# Local Dragonfruit Vape



## Schnappie (11/1/16)

Good Morning

Let me rather post this here ☺

Anyone know of a nice off the shelf local dragon fruit juice?

Sent from my SM-G925F using Tapatalk


----------



## Lingogrey (11/1/16)

Schnappie said:


> Good Morning
> 
> Let me rather post this here ☺
> 
> ...


Good morning @Schnappie 

If you're looking for a slightly tangy NON cream based dragon fruit: http://mmmixes.com/products/dragon-juice Juice reviews on the first page of this thread: http://www.ecigssa.co.za/mikes-mega-mixes-juice-reviews.t13078/

If you're looking for a cream based dragon fruit in the line of Sucker Punch or Dragon Blood: http://beyondvapour.co.za/index.php?route=product/product&path=65_66&product_id=81 (I haven't tried this juice personally, but it's the only one that I'm aware of - there are probably other options as well)

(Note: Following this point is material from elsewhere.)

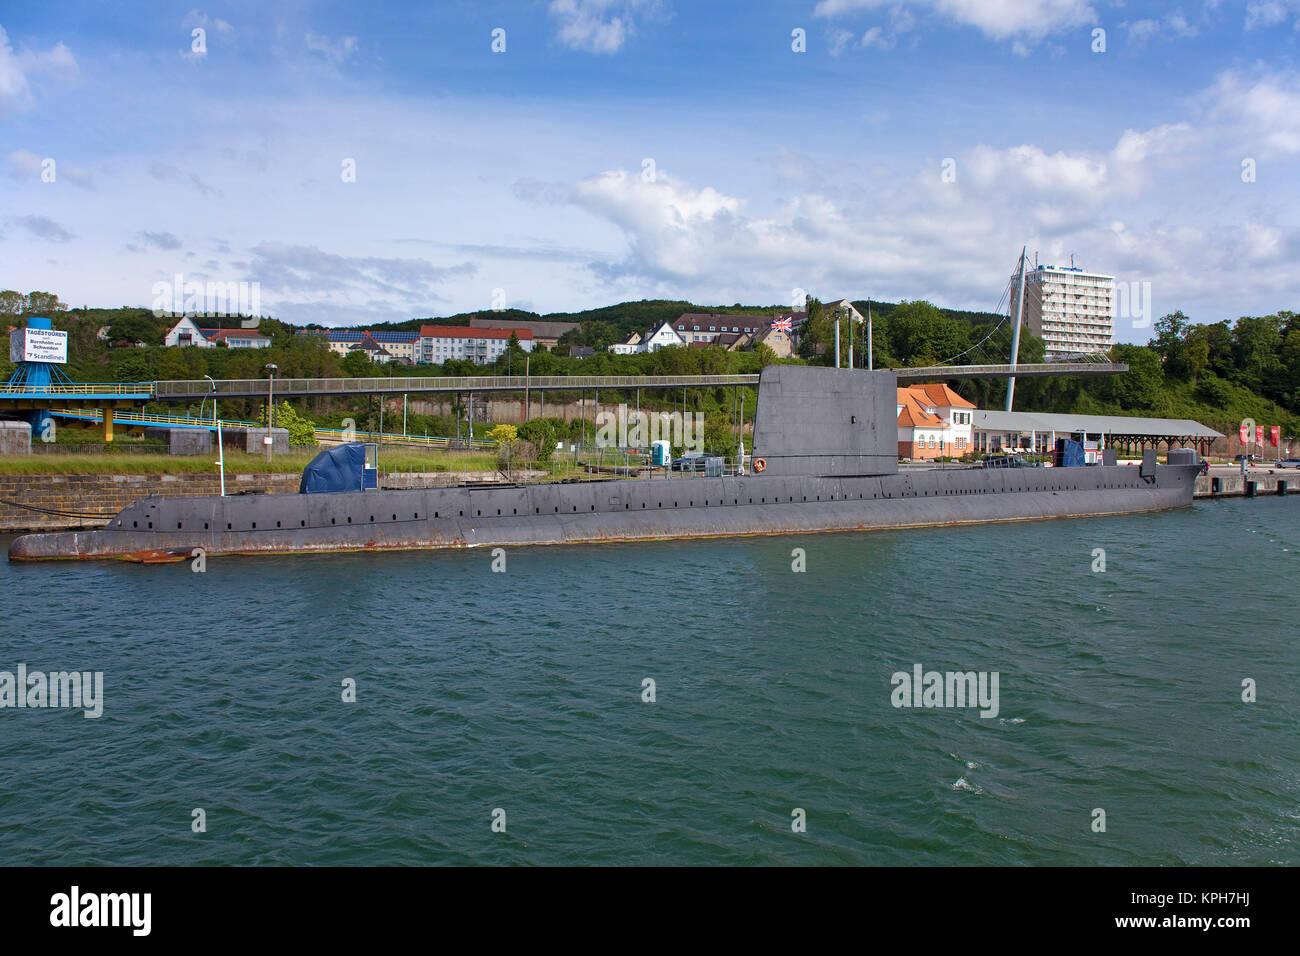 British submarin HMS Otus at harbour, used as museum, behind hotel Ruegen and pedestrian bridge, Sassnitz, Ruegen - Stock Image

Reactions: Winner 1 | Informative 2


----------



## Schnappie (11/1/16)

Lingogrey said:


> Good morning @Schnappie
> 
> If you're looking for a slightly tangy NON cream based dragon fruit: http://mmmixes.com/products/dragon-juice Juice reviews on the first page of this thread: http://www.ecigssa.co.za/mikes-mega-mixes-juice-reviews.t13078/
> 
> If you're looking for a cream based dragon fruit in the line of Sucker Punch or Dragon Blood: http://beyondvapour.co.za/index.php?route=product/product&path=65_66&product_id=81 (I haven't tried this juice personally, but it's the only one that I'm aware of - there are probably other options as well)


Thanks a million

This forum is awesome

Sent from my SM-G925F using Tapatalk

Reactions: Like 1


----------



## Silver (11/1/16)

Schnappie said:


> Thanks a million
> 
> This forum is awesome
> 
> Sent from my SM-G925F using Tapatalk



Now all we need is an awesome avatar for you @Schnappie 
Just log on with a normal browser when you get a chance and its easy to upload

Reactions: Like 1


----------



## Schnappie (11/1/16)

Silver said:


> Now all we need is an awesome avatar for you @Schnappie
> Just log on with a normal browser when you get a chance and its easy to upload


Thanks will do. Tapatalk is a bit frustrating as i couldnt get to the reviews if it wasnt for the link @Lingogrey sent.

Reactions: Like 1


----------



## Silver (11/1/16)

Schnappie said:


> Thanks will do. Tapatalk is a bit frustrating as i couldnt get to the reviews if it wasnt for the link @Lingogrey sent.



Great stuff

I find Tapatalk extremely useful for fast browsing on the go while on the mobile phone and for uploading photos because it resizes them to a suitable size for inline posting

But for all other things, the normal browser is much easier for me


----------



## imiago (11/1/16)

The Lungbrewery Pangalactic Gargleblaster is a Jack fruit Dragon fruit juice. It is my absolute favorite ADV.

Reactions: Like 2


----------